The paper introduces a flexible strategy that encompasses both client-level and server-level optimizations to address the intricacies of parameter-efficient fine-tuning (PEFT). The primary contributions can be categorized as follows:

  1. Client-level Layer Importance: The paper innovatively utilizes Layerwise Neural Tangent Kernel (LNTK) to compute a client-specific layer importance score based on the principal eigenvalue—arguably one of the distinguishing features of this research. These scores guide the selection of layers most relevant to each client's data distribution.
  2. Server-level Optimization: At the heart of the framework is a data-free, multi-objective meta-heuristic optimization process run on the server. It aims to balance two objectives: maximizing the cumulative importance scores and minimizing the variance of layer selection across clients. The authors employ five distinct meta-heuristic algorithms, including Genetic Algorithm and Swarm Particle Optimization, to navigate this complex optimization landscape.
  3. Ultra-MedVQA Dataset: The paper also contributes significantly to the community by introducing the Ultra-MedVQA dataset, the largest of its kind for medical visual question answering tasks. This dataset is leveraged to validate the proposed method in a practical setting.

Experimental Evaluation and Results

The authors conduct an extensive series of experiments, encompassing over 10,000 client-level evaluations. They test their methodology across six different vision-language FL settings using four VLM architectures, showcasing the robustness and adaptability of the proposed approach. The key outcomes include:

  • Demonstrated improvements in model convergence rates and task performance across diverse datasets and configurations.
  • Performance evaluations indicate that F3^{3}OCUS can achieve superior accuracy compared to traditional and state-of-the-art FL methods, reinforcing its efficacy in resource-heterogeneous environments.
  • The framework exhibits notable adaptability, handling scenarios characterized by domain gaps, modality gaps, and statistical heterogeneities effectively.

Implications and Future Directions

The implications of this research are substantial, offering a pragmatic approach to deploying complex VLMs in real-world, decentralized environments like healthcare, where data privacy and compute limitations are critical considerations. By cleverly employing the concept of LNTK and leveraging server-based optimization without the need for data, the work defines a path forward for scalable and efficient model fine-tuning in federated settings.

From a theoretical standpoint, the convergence analysis provided elucidates the impact of client-specific selection noise and inter-client diversity, contributing to the foundational understanding of FL dynamics.

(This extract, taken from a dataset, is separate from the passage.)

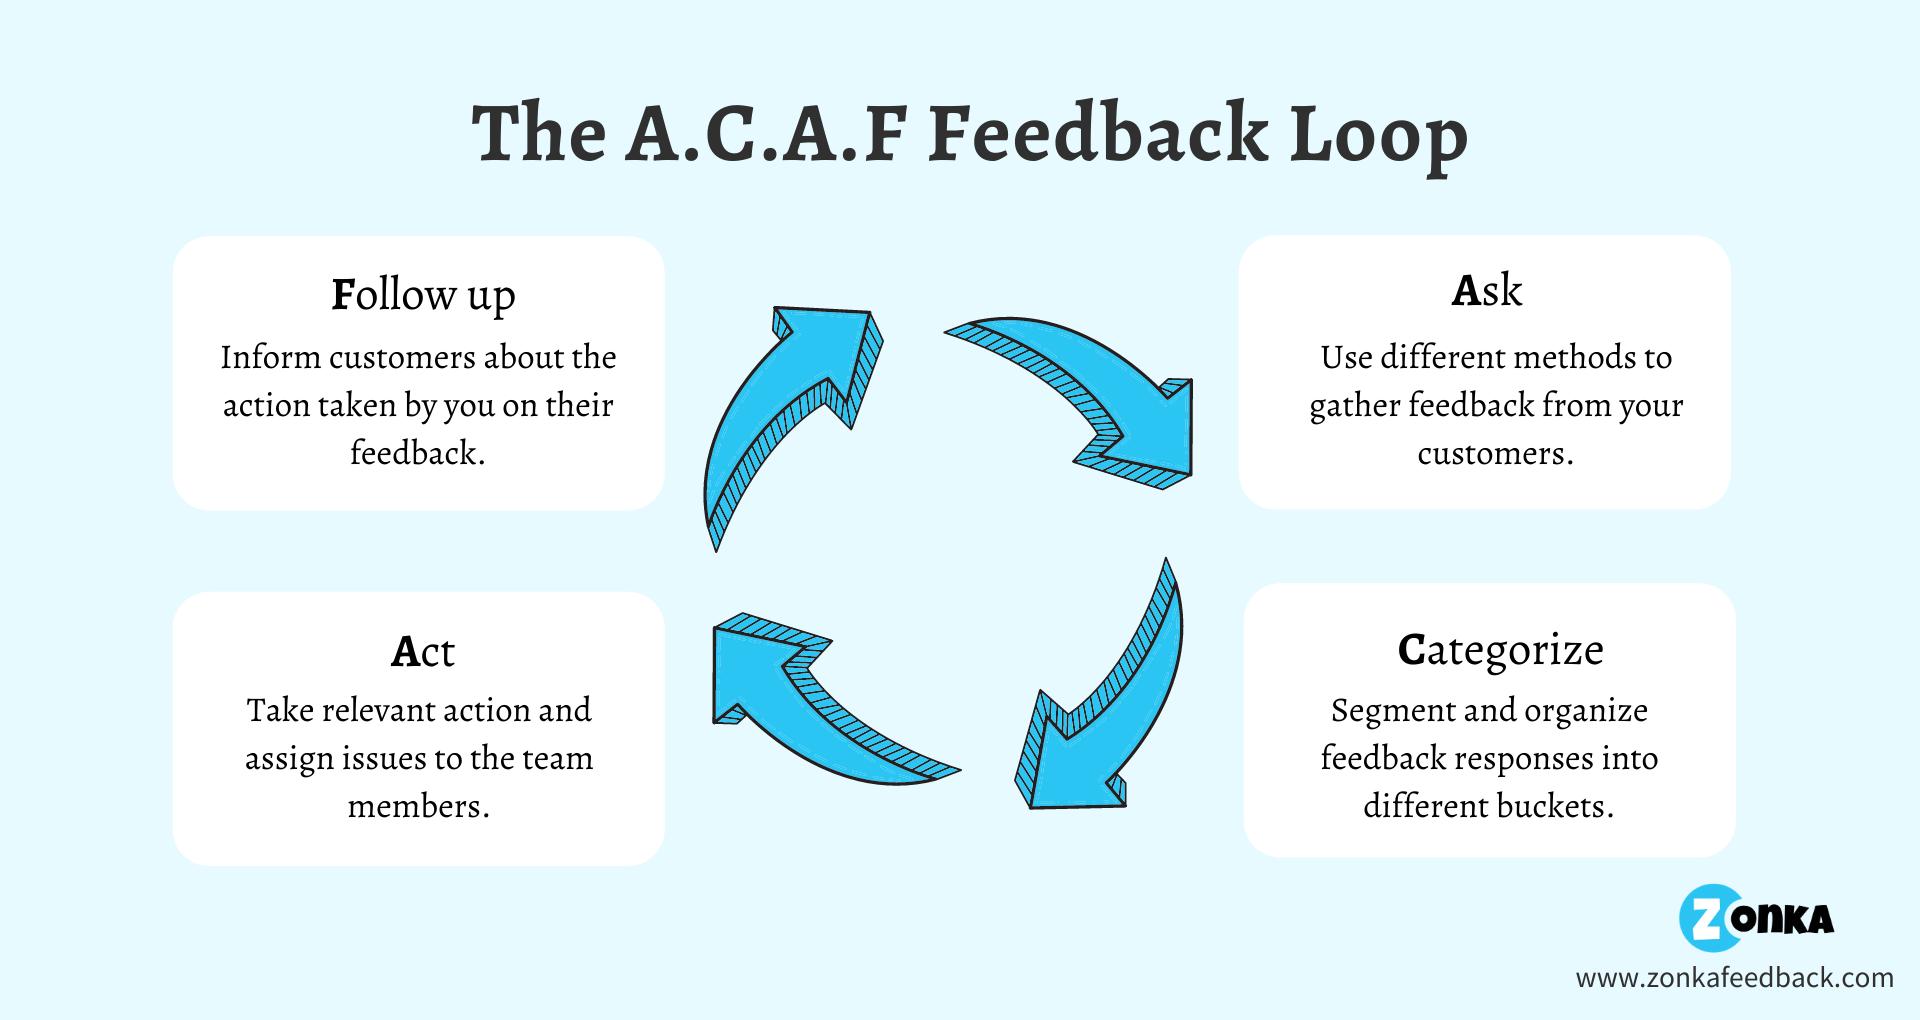 The A.C.A.F Feedback Loop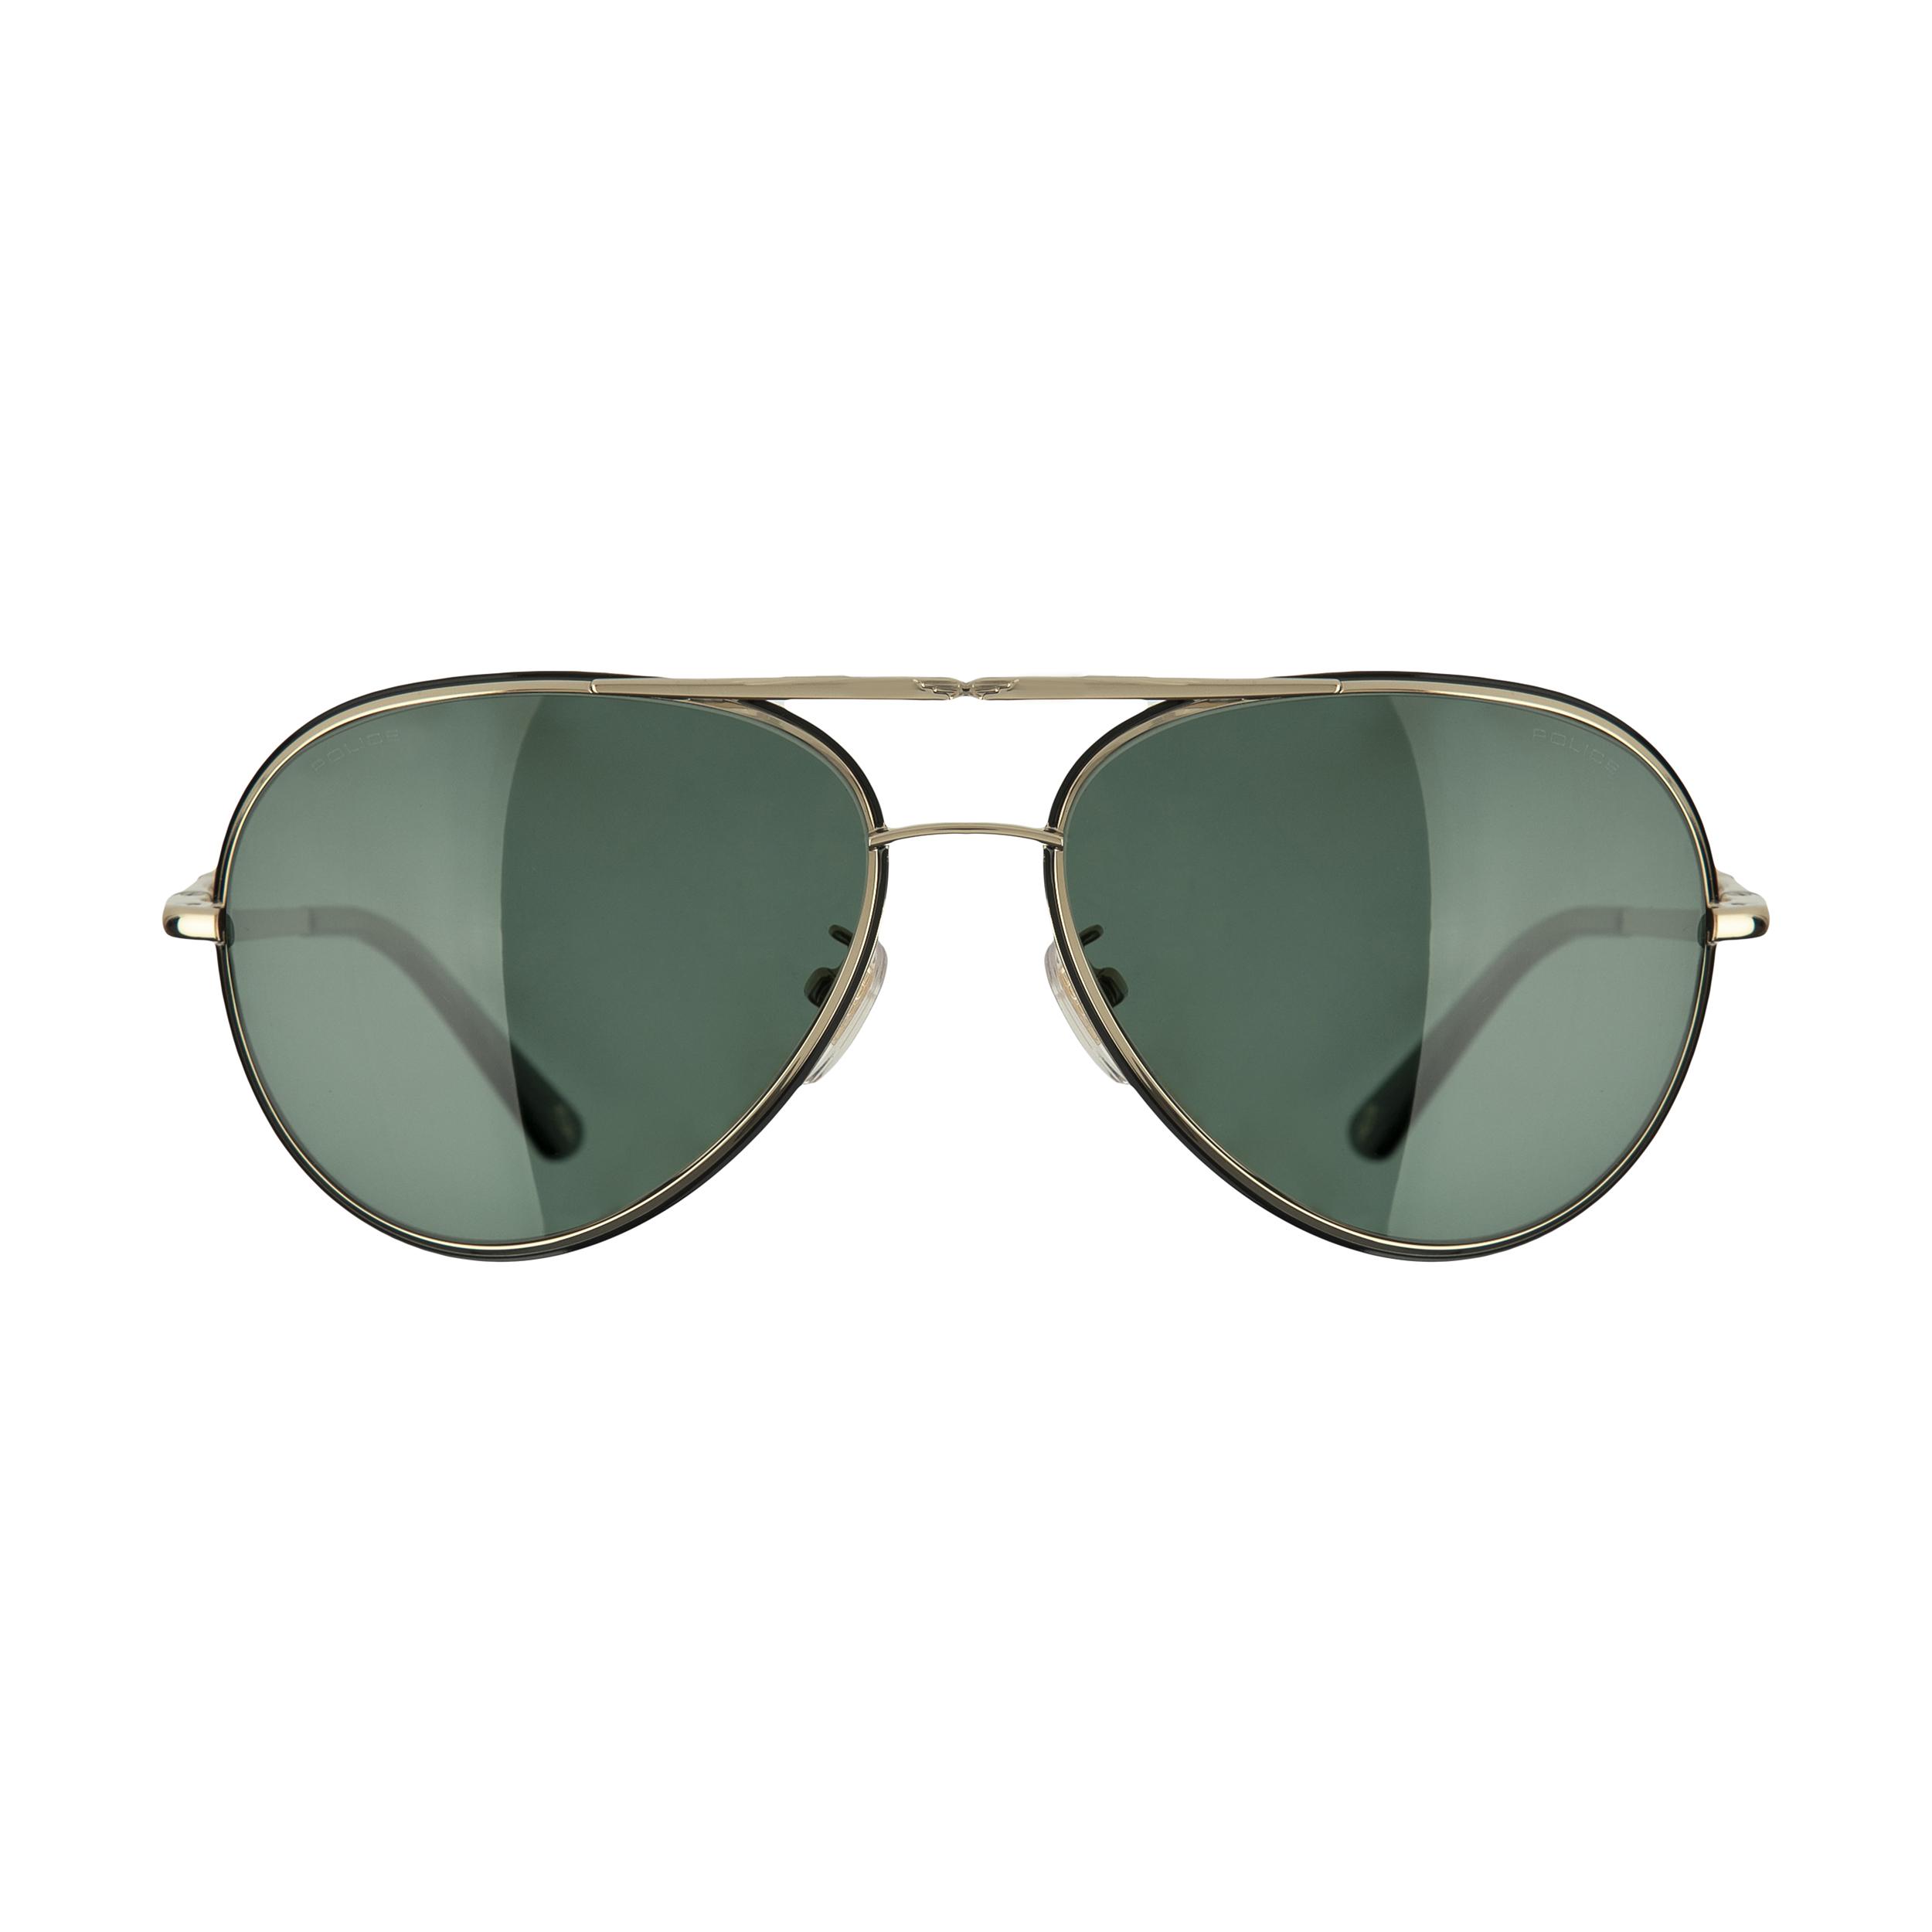 عینک آفتابی مردانه پلیس مدل SPL966N 301P

Looking to the future, this work could catalyze further research into meta-heuristic strategies for FL, potentially inspiring analogous techniques across different model architectures and domains. Moreover, the Ultra-MedVQA dataset will likely serve as a benchmark for subsequent innovations in medical AI research.

In summary, the F3^{3}OCUS framework represents a significant step forward in federated machine learning, driving improvements in performance while respecting the constraints inherent to distributed systems. This paper will undoubtedly influence future strategies for large-scale, privacy-preserving AI applications.